Queen Elizabeth sails
HMS Queen Elizabeth, the first of the new QE Class aircraft carriers, has taken to sea for the very first time.
History was made when the new ship launched from Rosyth to commence the first stage of sea trials off the north-east of Scotland. Spending the next six weeks at sea, the crew will monitor speed, manoeuvrability, power and propulsion, and undertake weapons trials in order to assess the progress of the ship’s build.
Defence Secretary Sir Michael Fallon said: “This is a historic moment for the UK as our new aircraft carrier takes to sea for the very first time. This floating fortress is by far the most powerful ship ever built in Britain that will enable us to tackle multiple and changing threats across the globe.
“HMS Queen Elizabeth is an enduring example of British imagination, ingenuity, invention that will help keep us safe for decades to come. She is built by the best, crewed by the best and will deliver for Britain.
“For the next fifty years she will deploy around the world, demonstrating British power and our commitment to confronting the emerging challenges from a dangerous world. The whole country can be proud of this national achievement.”
Following this initial period, HMS Queen Elizabeth will return to Rosyth for further testing and maintenance before heading back to sea for a second stage which aims to test her Mission Systems. She will transit to her home port of Portsmouth Naval Base to be handed over to the Royal Navy later this year.

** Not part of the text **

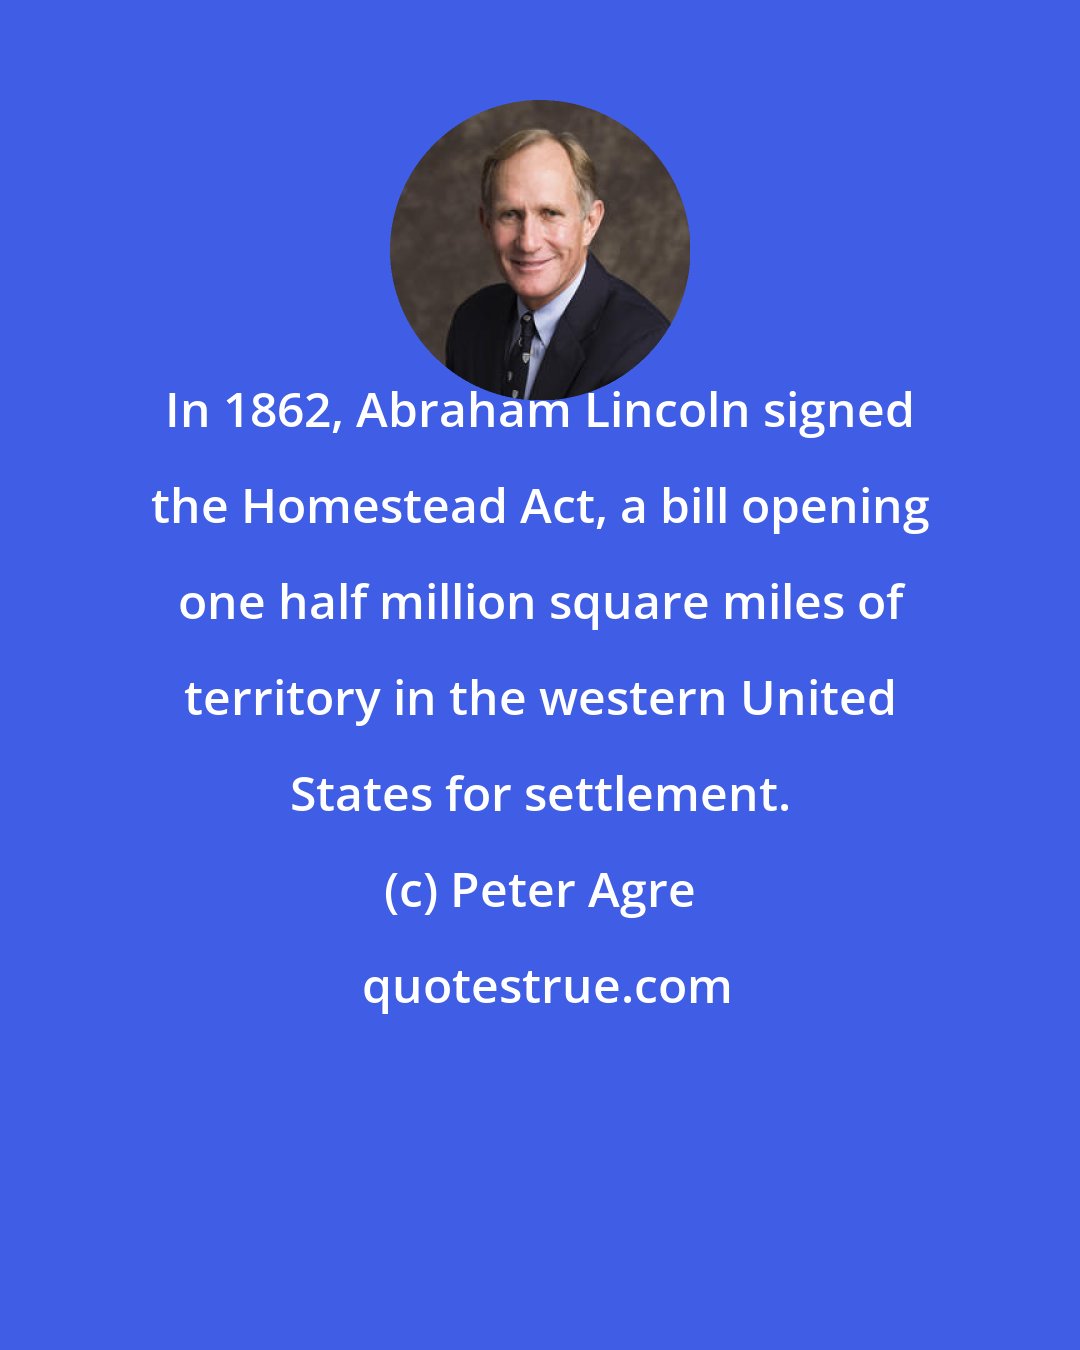 Peter Agre: In 1862, Abraham Lincoln signed the Homestead Act, a bill opening one half million square miles of territory in the western United States for settlement.

Admiral Sir Philip Jones First Sea Lord and Chief of Naval Staff said: “This is a hugely significant moment for the Royal Navy, for all our Armed Forces and for our island nation. Once in service HMS Queen Elizabeth will be the largest aircraft carrier in the world outside the United States, and the first designed from the outset to operate a fifth generation aircraft.
“Already this ship represents the best of the UK’s industrial and engineering expertise, and once in service she will symbolise our military power and authority in the world for decades to come. There is still much work to do between now and then, but be in no doubt: a new era of British maritime power is about to begin.”